I’m not asking you to read the Big Book or take the PI test, or read the New York Times bestseller. I’d just ask the kind of people that read books where they can slap themselves on the back and thing how they’ve created such a fine test and algorithm for measuring happiness to blow in that bag, pal and take a long hard look at themselves. Books are the answer because they can help us empathise with the other, the worker, the underlining, the refugee.

Anthony Trollope’s character had something to say in the nineteenth century in The Way We Live Now that has added bite in the twenty-first century. ‘People said of him that he had framed and carried out long and premeditated and deeply laid schemes for the ruins of those who had trusted him, that he had swallowed up the property of all who had come in contact with him, that he was fed with the blood of widows and children’.
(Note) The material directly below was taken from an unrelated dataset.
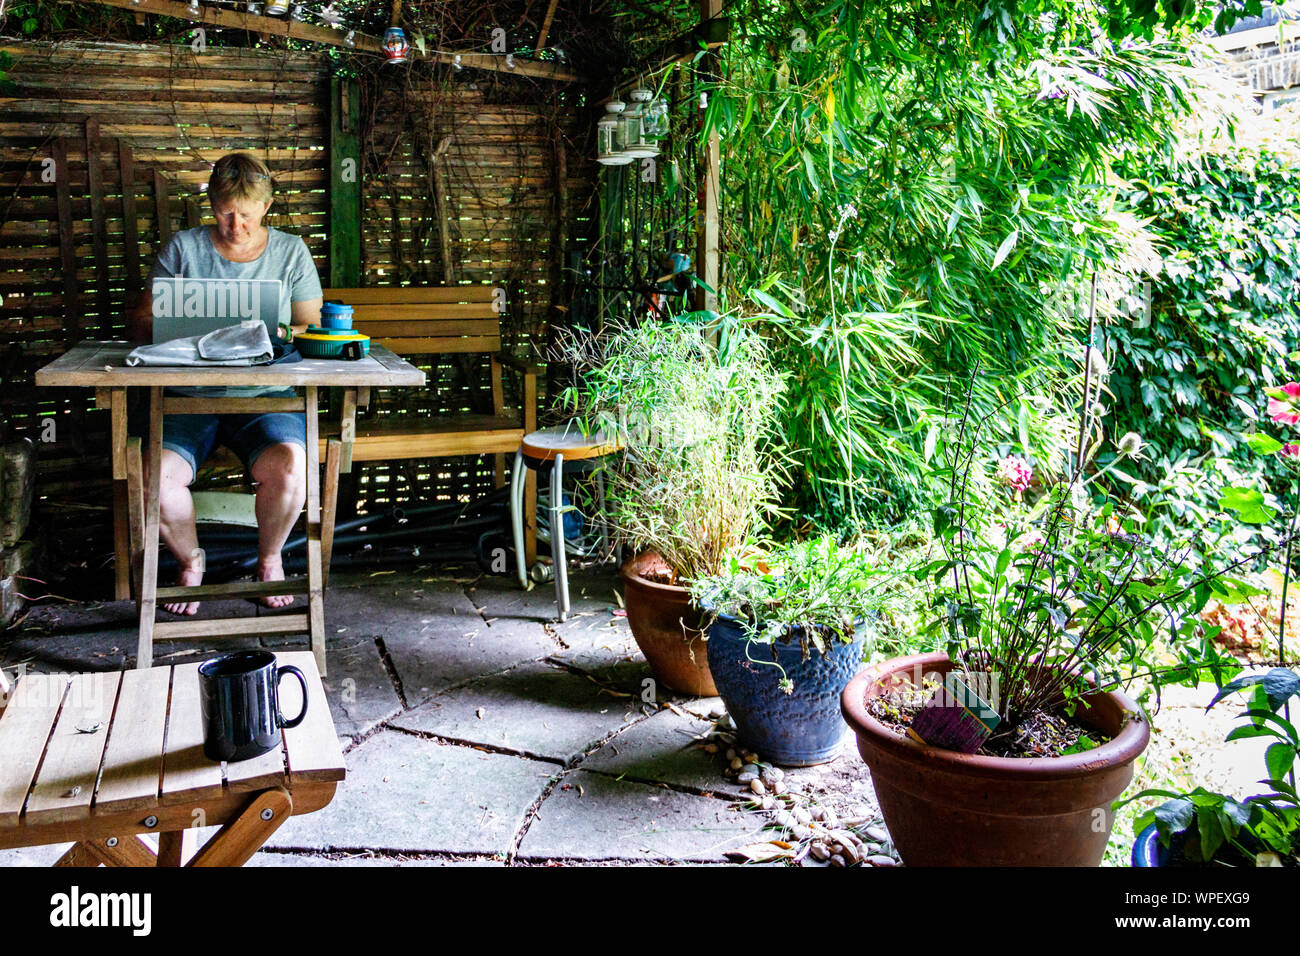 Professional donna che lavorano a casa, approfittando del clima caldo a sedersi sotto un pergolato di giardino, a nord di Londra, Regno Unito Foto Stock

Positive Intelligence is an argument for the placebo effect and for backslapping for those that own the top 100 US companies Chamine is writing and works for. These are not my people. This is not my book. Read. Read. Read widely and wisely. Then you’ll understand.

 

2 thoughts on “Shirzad Chamine (2012) Positive Intelligence. Why only 20% of Teams and Individual Achieve Their True Identity.

  1. laughing at your responses to this book. Agree it’s backslapping bull, also feel it suggests anyone normal just hasnt visualised enough. simplifies complexity, actually it fails to acknowledge complexity.